**Task brief:** Output a character-exact copy of the data, images removed.

**Collected data:**
____
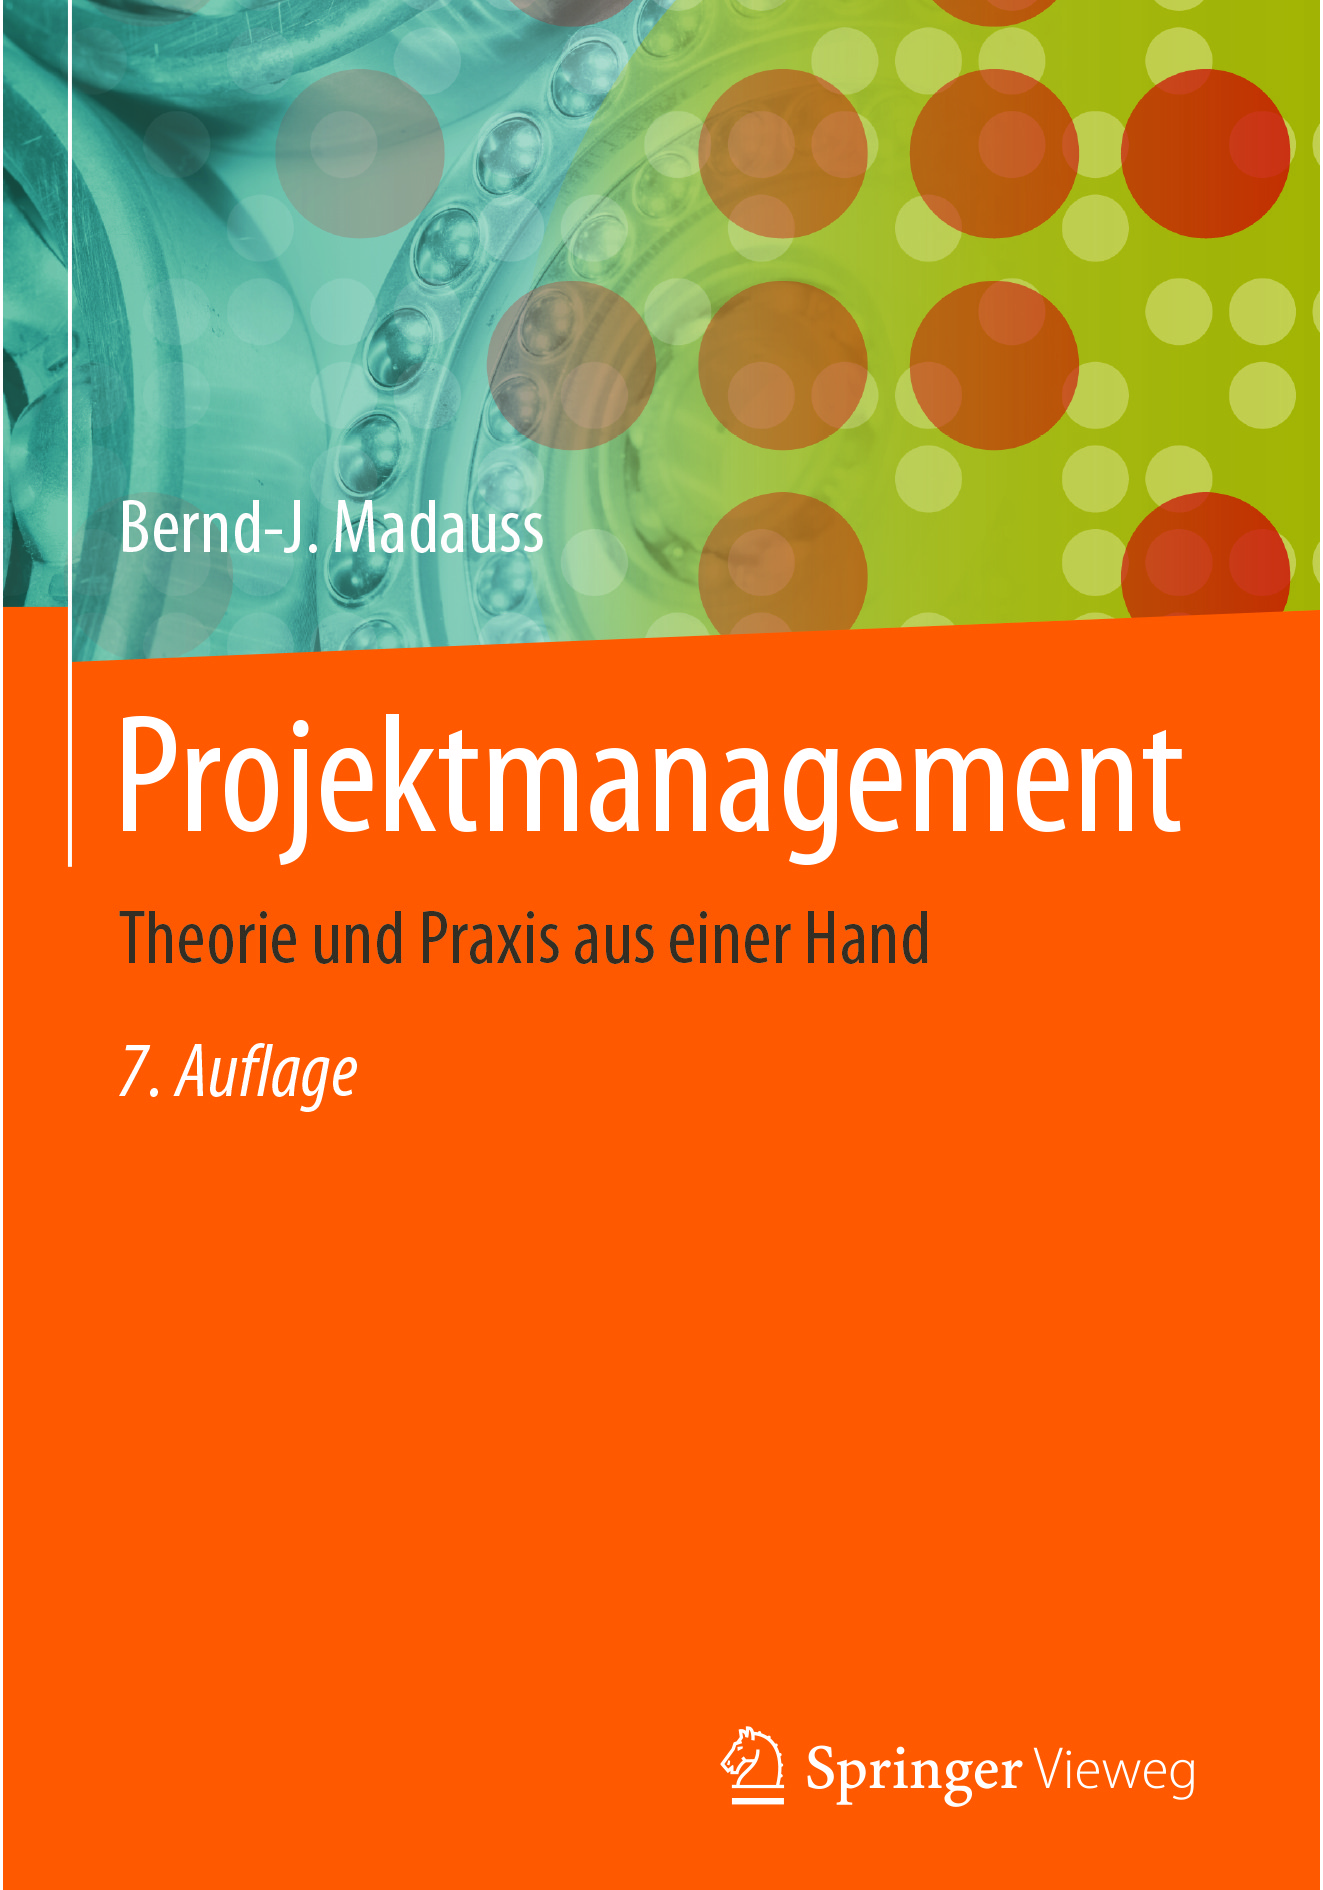 Madauss, Bernd-J - Projektmanagement, ebook
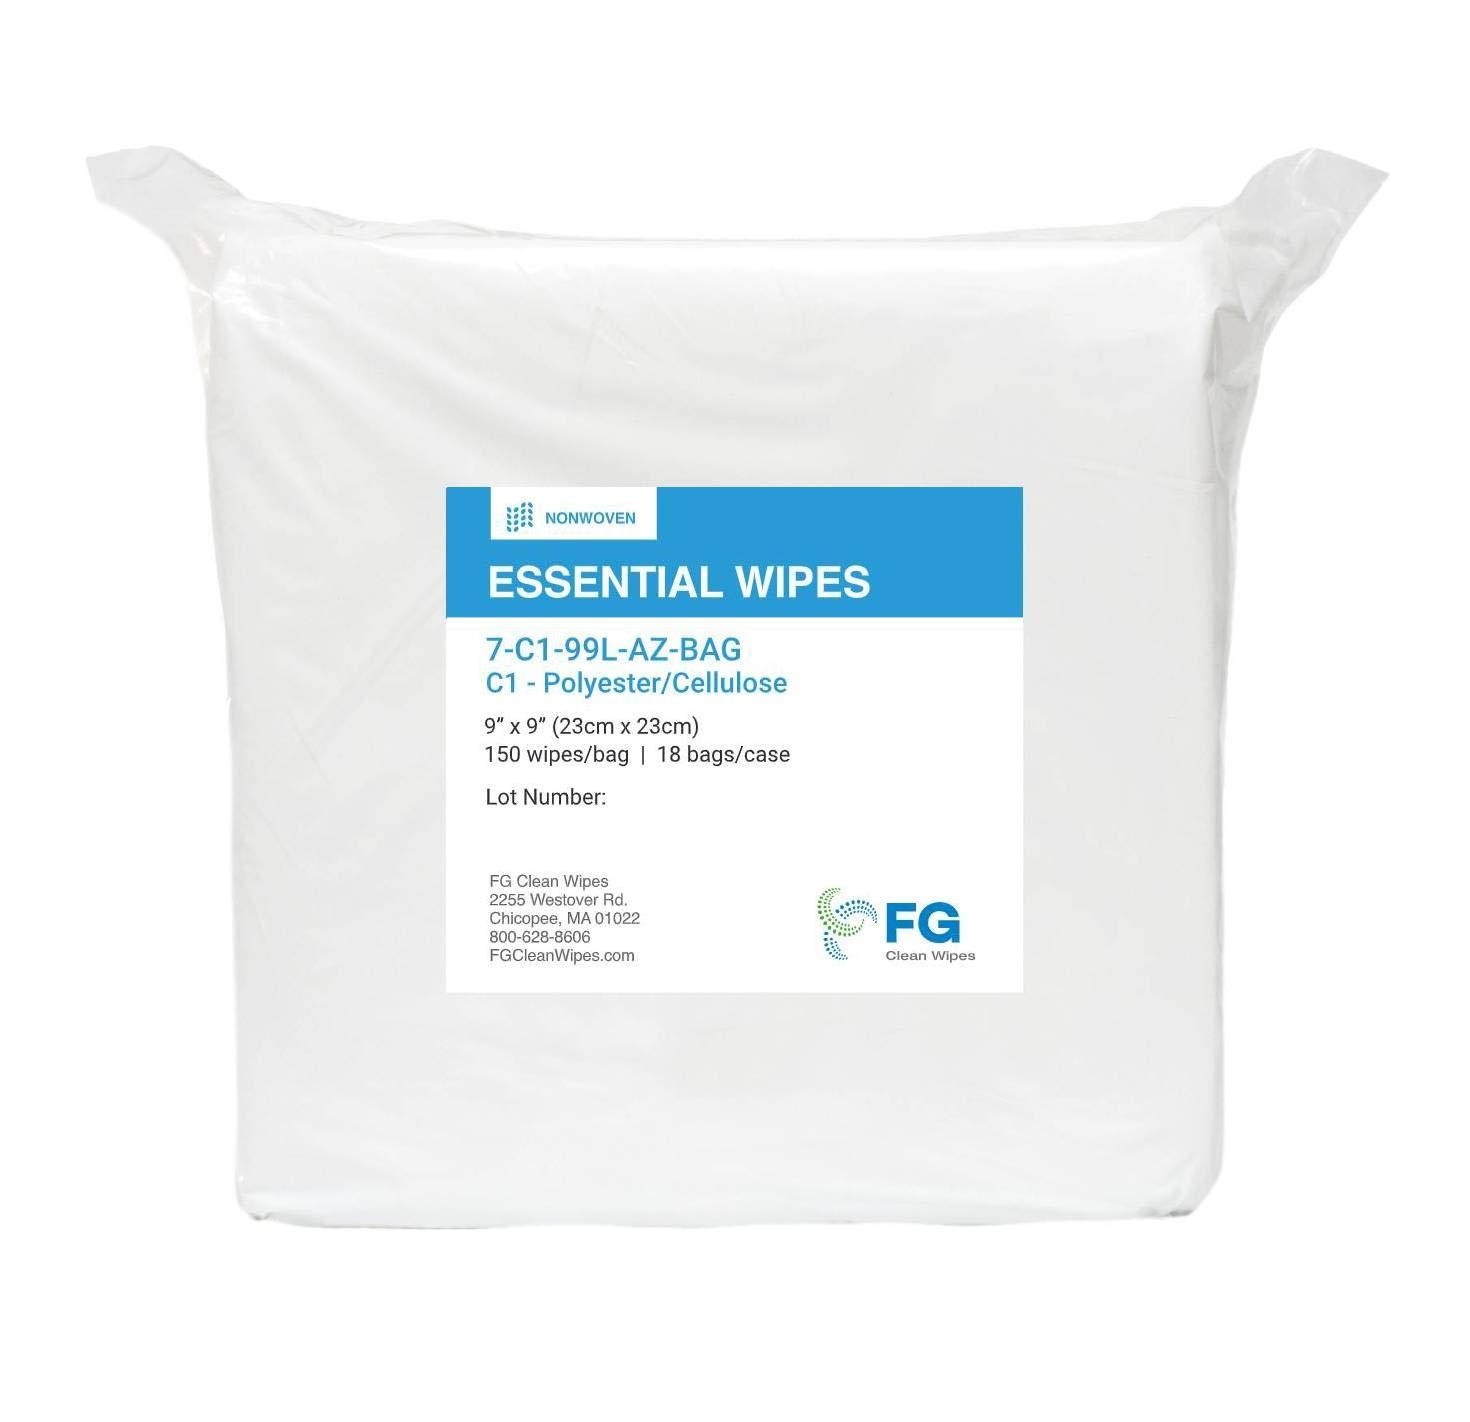 "FG Clean Wipes 9""x9""- C1 - Premium Polyester Cellulose Wipes- 1 Bag - 300 Wipes/Bag (7-C1-99L-AZ-BAG)"
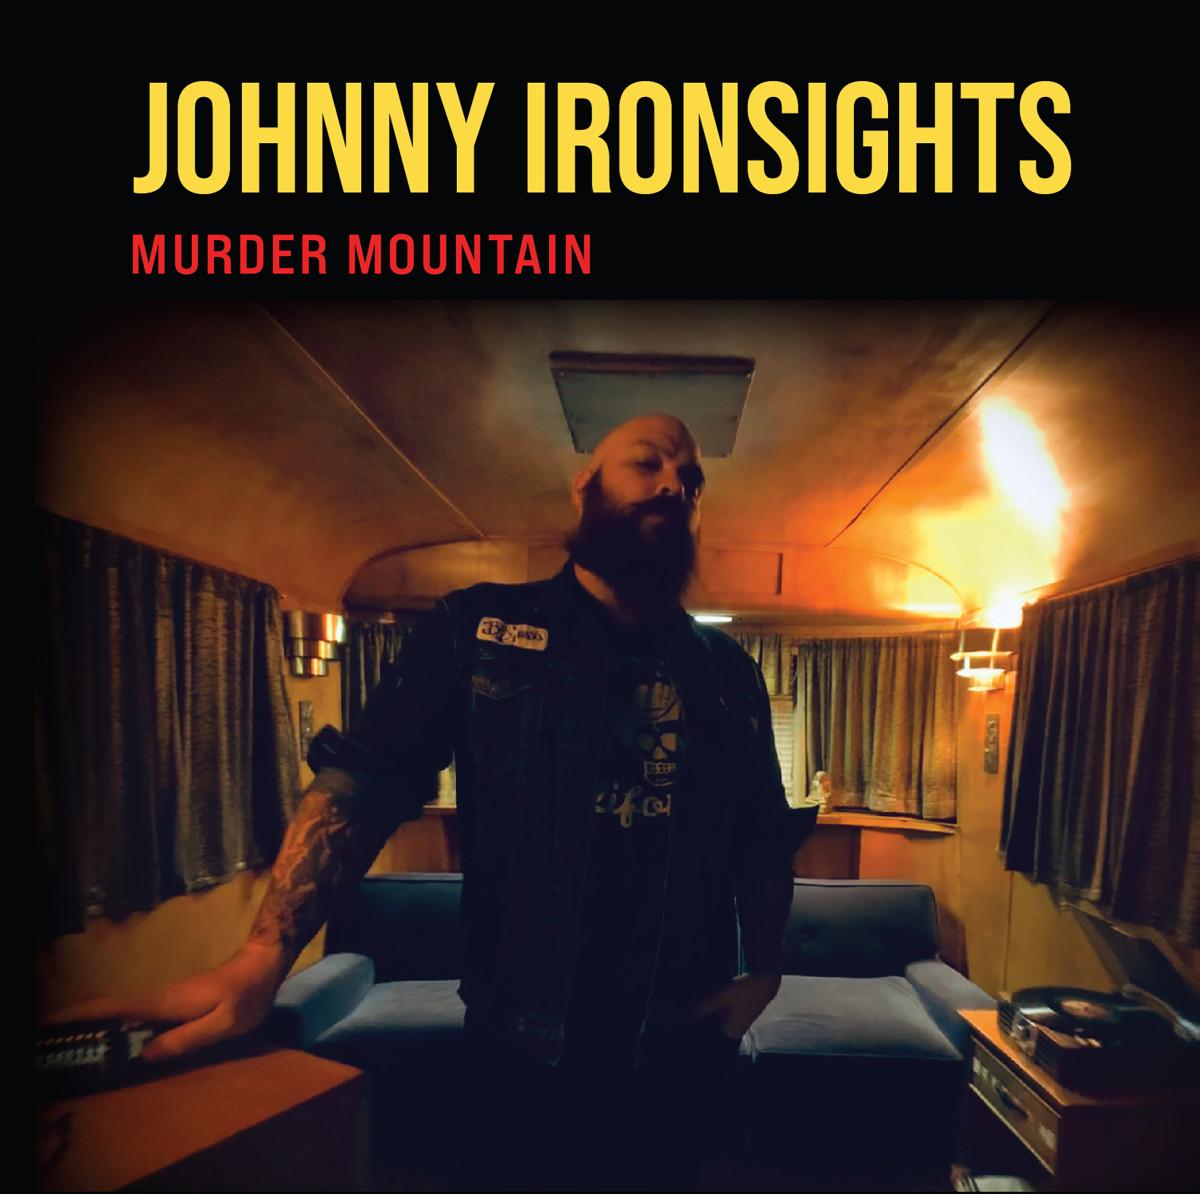 Johnny Ironsights Murder Mountain
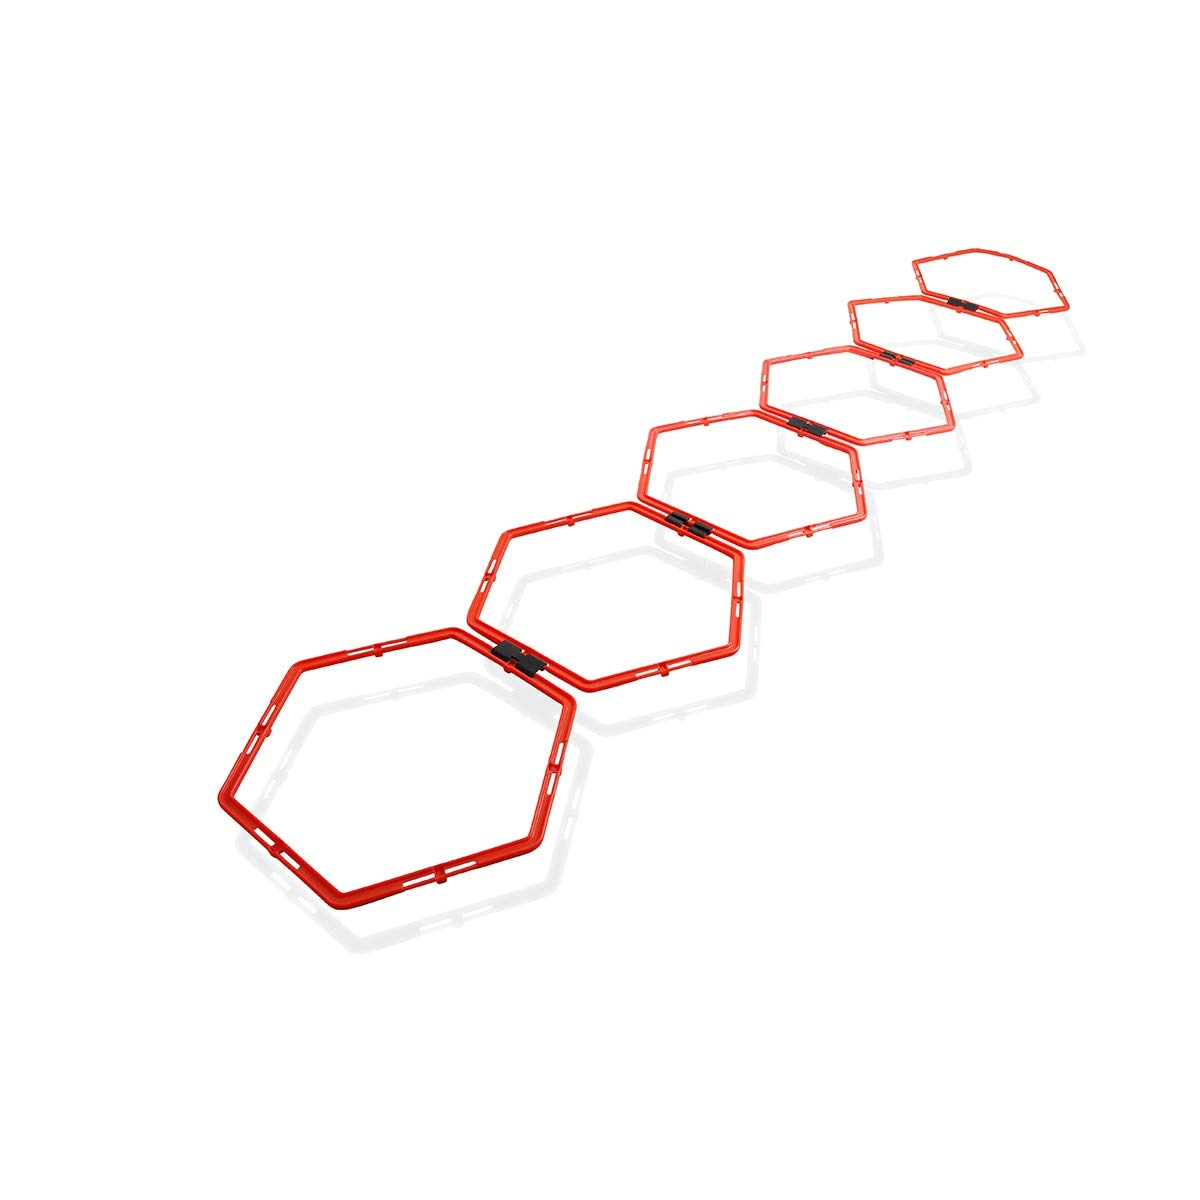 Avid Carp Extremity Swivel Lead 4.0oz 113g Karpfenblei
____
**Task result:**
 Madauss, Bernd-J - Projektmanagement, ebook
 "FG Clean Wipes 9""x9""- C1 - Premium Polyester Cellulose Wipes- 1 Bag - 300 Wipes/Bag (7-C1-99L-AZ-BAG)"
 Johnny Ironsights Murder Mountain
 Avid Carp Extremity Swivel Lead 4.0oz 113g Karpfenblei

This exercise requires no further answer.